Так началось мое знакомство с Азиатским музеем и двумя его представителями в то время, началось с Абиссинии, а не с арабистики, с книг, а не с рукописей. И много лет позднее музей продолжал еще оставаться мне менее близким, чем университет или Публичная библиотека; я не предчувствовал тогда, что со временем музей едва их совсем не оттеснит, а эти люди и все учреждение станут мне особенно близки.

В студенческие годы я редко и случайно бывал в Азиатском музее: университетская библиотека тогда вполне удовлетворяла мои запросы по книжной части, а рукописи были еще чем-то мне чуждым и про значение их мы и не слыхали. Знакомство мое с музеем все же росло, главным образом, благодаря рассказам старшего коллеги – санскритиста и ираниста А.А. Фреймана, который там работал.
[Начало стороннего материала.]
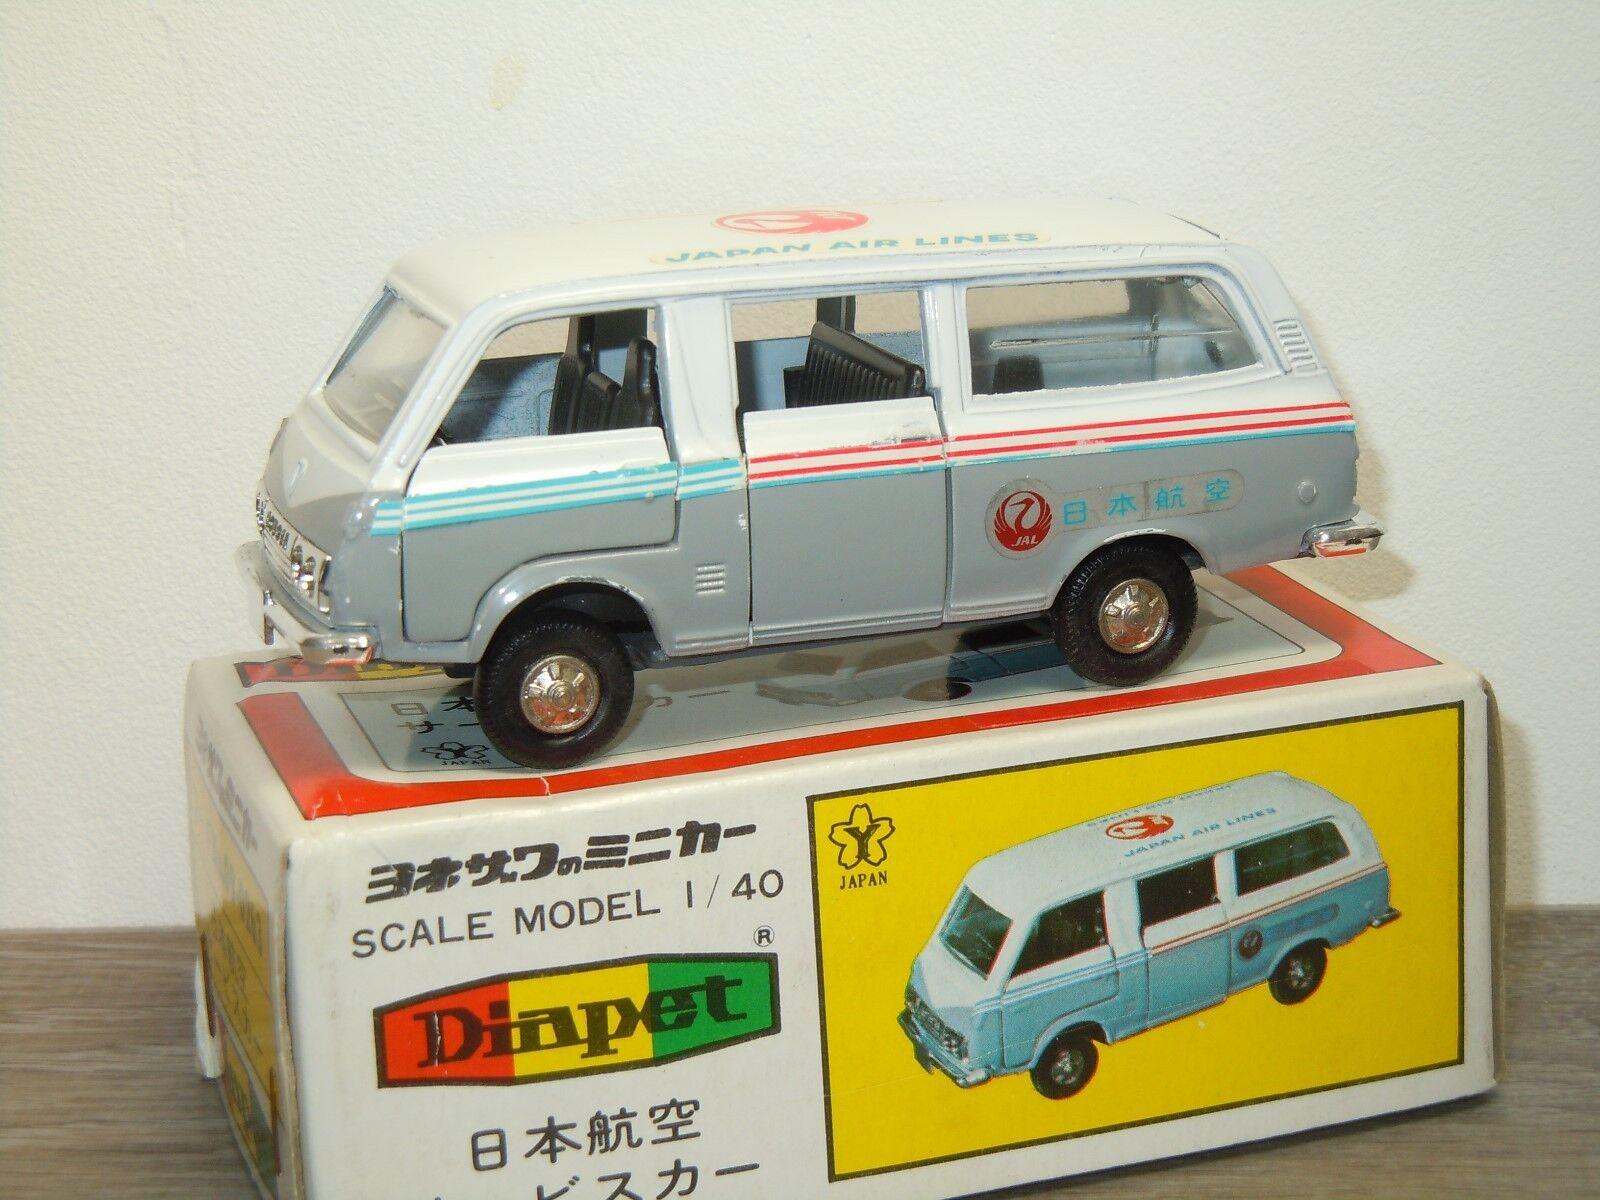 Toyota Hiace Japan Air Lines - Diapet Yonezawa Toys Japan  1 40 in Box 33001  profitez d'une réduction de 30 à 50%

После раннего обеда в студенческой „Коллегии императора Александра II“, где мы тогда жили, он часто уходил в музей „писать карточки“, что для меня представлялось достаточно таинственным. Знал я, что там же работает и другой старший „коллегиант“ китаист В.М. Алексеев. Во время своих редких посещений музея обратил я внимание еще на оригинальную фигуру, появлявшуюся вечно с боязливым видом все оттуда же, из-за таинственных нескончаемых стеллажей, всегда не по прямой линии, а описывая какую-то параболу: это был ученый еврей, большой знаток не только своей специальности, но и русской книги XVIII века, С.Е. Винер, также „сверхштатно прикомандированный“ для описания „Bibliotheca Fried–landiana“, знаменитой коллекции еврейских рукописей и книг. „Штат“ долгое время оставался прежним и, когда по окончании университета я стал с 1906 года чаще бывать в музее, единственным хранителем состоял О.Э. Лемм, все же прочие работали „сверхштатно“.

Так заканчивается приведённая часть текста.